每回去典藏閣都能碰上白氏族人,因為經過開祠堂那一關,只要關系不是太遠的族人,林文靠着如今強悍的記憶力把人認出來不是難事。
不止白氏族人,還有依附于白氏下的外姓人,比如依靠姻親關系依附白府的,或是如金诃這般一輩子在白家效勞的,他們的子女也享受一定的待遇,當年白氏雖然遭難,但也有如金诃這般忠心耿耿追随着白易重建白氏家族的,這樣的人家并不是一戶兩戶,也因此府裏如林文這般年紀的小輩人數不少。
典藏閣規模不小,共有三層,設有層層陣法保護典藏閣的安全,還有專人值守。一樓是基礎類書籍,二樓則是有關靈師與武者修煉的種種功法武技,三樓則是白氏至關重要的有關符術的珍藏典籍。第二層和第三層并非人人都能上去的,需要具備一定的資格,達到一定的實力,否則連布陣的符陣都闖不過去。
林文的出現也滿足了府內一衆人等的好奇心,白氏子弟大多見過他了,但依附在白氏之下的同輩人大多就只聽過他名號,或是路上遠遠地見過一眼。
但因為有了那一日與白明江蕭銳源的沖突風波,林文在非白氏子弟中的名聲比白氏子弟更加響亮,他的行為也更得這些人的好感。

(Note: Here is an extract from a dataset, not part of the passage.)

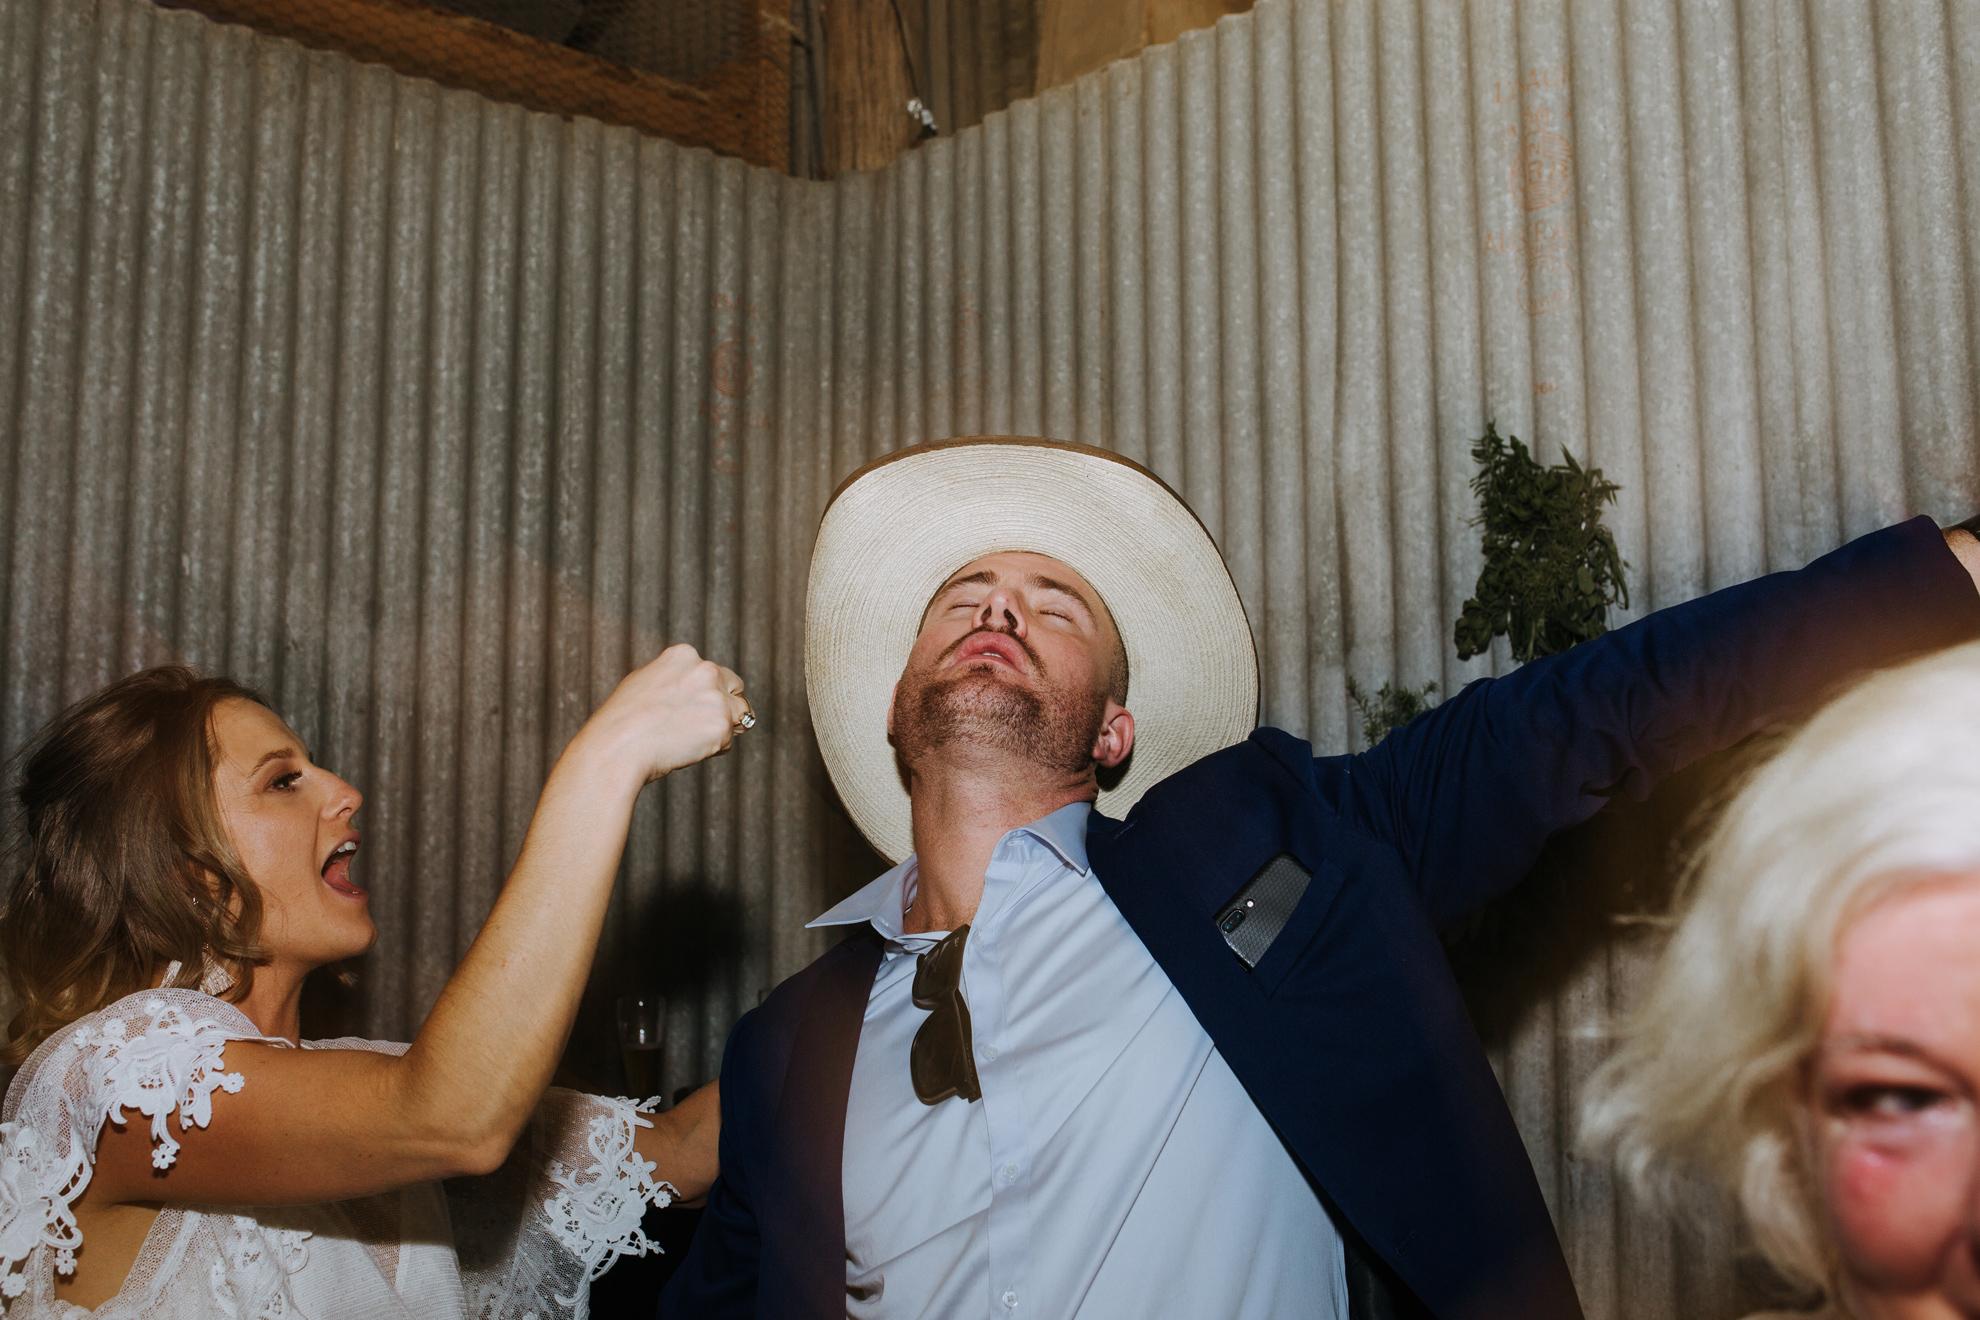 124-Jessie_Jason_Dalby_Country_Wedding.jpg

雖說白府盡量做到公平公正,但某些看不到的地方依然會存在白氏子弟欺壓非白氏子弟的現象,林文同樣被白明江欺辱,他們明顯将林文看成他們一類的了,更敬佩他敢反抗白明江的舉動。
“你在看什麽?你居然在看符術方面的書籍?”林文捧着一本書,湊上來幾個同齡人,好奇地看向他手裏捧着的書,原來還以為是有關丹術類的。
“林文你不是丹師嗎?為什麽會看符術方面的書?難道你也要學白氏的符術?”後面一個貌似驚訝的聲音響起,林文在此人接近的時候就察覺到了,正是二長老一脈的那位雙兒白禾。
林文不在意別人叫他是林文還是白晟,但一般在府裏因為記過族譜的緣故,大家都以白晟的名字來稱呼他,而這白禾的稱呼在林文聽來就顯得刻意得很,不是第一次碰上了,每次都與衆不同,仿佛刻意提醒他是林文而非真正的白家人一樣,林文好笑之餘又覺得無聊透頂,這種提醒有意思麽?從他身上尋找優越感和存在感?
可他林文又不是離了這個白氏姓氏沒辦法生活下去的,就憑他二品丹師的身份不借助白氏這個姓氏,他在府內就得到不少人的優待,只要他手裏漏點丹藥靈藥出來,想要得到府內人的好感不要太容易。
所以才覺得這白禾真是腦筋搭錯,成天沒事找事。
林文還沒答話,他身邊一人搶着噴回去了:“白禾你煩不煩啊,白歲看什麽書關你什麽事?難道看這符術方面的書就是一定要學符術的嗎?身為白氏子弟了解一下符術方面的知識不是很對的事麽,畢竟我們白氏一族靠什麽傳承的每個人都知道的吧。”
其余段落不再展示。